Они еще молча посидели. Выпили еще по чаше красного вина. Борис Годунов зевнул украдкой.

— Не слышал, много ли людей в крепости заперлось? — спросил Малюта.

— Не более двух сотен.

— Ну прощай, Борис.

Они еще раз обнялись.

Малюта Скуратов долго не мог уснуть. Потрескивая, горела на низком столике свеча. В лагере глухо перекликались дозорные. А на шатровом полотнище от тающего снега медленно расплывались темные пятна. Горькие думы одолевали думного дворянина. «Кто был выше меня перед царем? — размышлял он. — Не было никого. Только Афонька Вяземский мог со мной поспорить. Царь любил меня. Я всегда был ему верен, даже в мыслях. И вот благодарность… Я не нужен, я мешаю царю. Эх, кабы знать, кто против меня ему в уши дует!» Малюта Скуратов стал перебирать в уме всех, кто окружал царя сегодня. Нет, среди них сильных людей не было… На ум пришел и лекарь Бомелий. Вот кого всей душой ненавидел Малюта.
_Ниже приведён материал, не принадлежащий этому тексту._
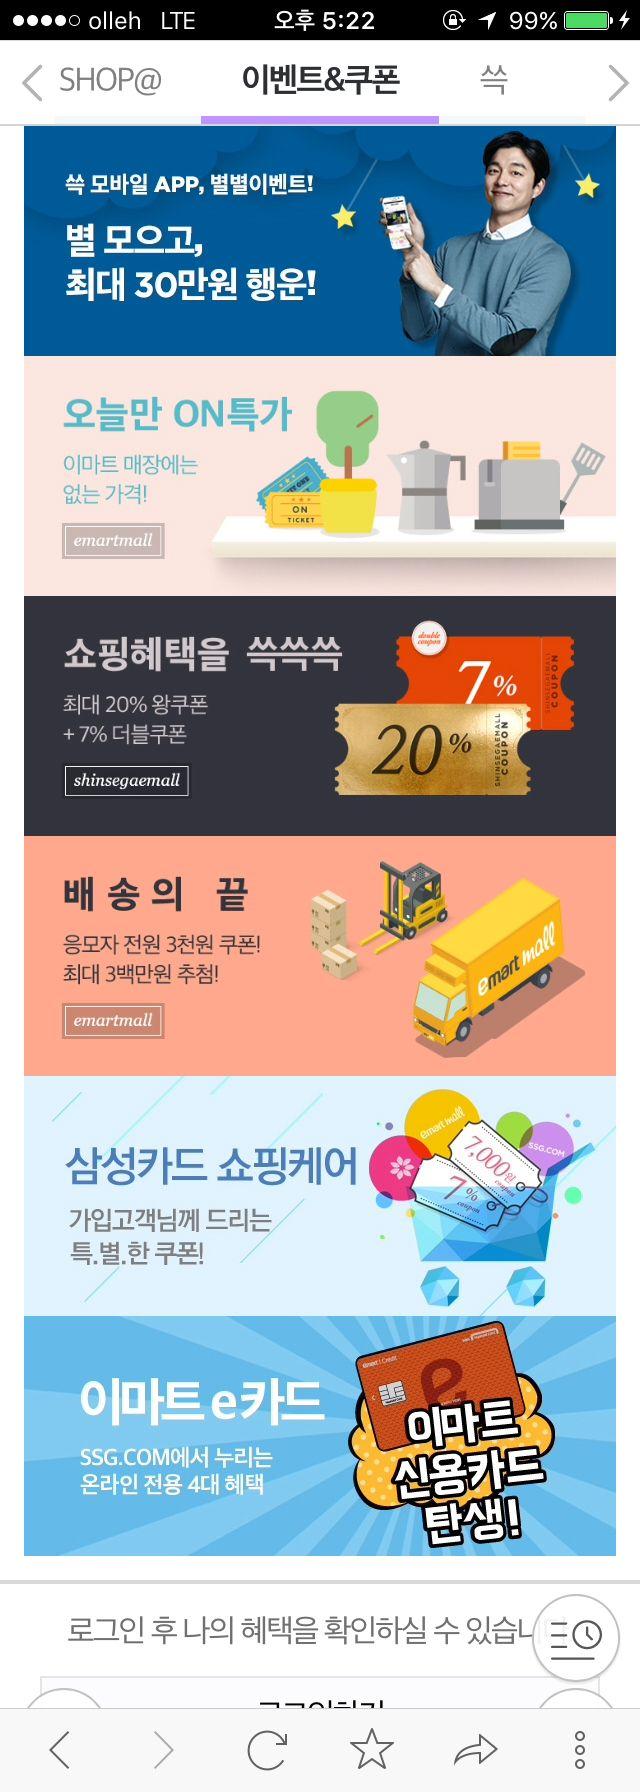 SSG닷컴 이벤트 배너 모바일

Колдун, чернокнижник, знает, что царь боится колдунов и кудесников, и пользуется этим… Малюта догадывался, что смерть многих людей за последние два года наступала не без помощи царского лекаря.

Потом он стал вспоминать, сколько людей погибло от его руки. Перед глазами тайного советника возникла гора расчлененных человеческих тел с отрубленными головами. «Кто за них ответит перед всевышним?» — мелькнула мысль. Стало страшно… «Я делал по царскому слову, значит, я невиновен. Царь ответит перед всевышним, — поспешил Малюта успокоить совесть. — Чего там вспоминать убитых! За них попы и монахи бога молят. Меня самого могут сегодня убить». Малюта вздрогнул и сразу облился холодным потом.

— Нет, меня не могут убить, — сказал он вслух, — я верный царский слуга.

Он снова вспомнил Афанасия Вяземского и снова пожалел, что его нет. Наконец Малюта потушил свечу и стал засыпать. Два раза его будили резкие крики какой-то ночной птицы. К рассвету он забылся в тревожном сне.

Всю ночь в грязь, растоптанную конскими копытами и человеческими ногами, валил мокрый густой снег.

Серым неприглядным утром вышел царь Иван из походного шатра. Слуги подвели коня. Царь сунул ногу в стремя, перевалился в седло, удобнее примостился, разобрал поводья. Настроение у него было отличное. Он хорошо выспался и был уверен в победе.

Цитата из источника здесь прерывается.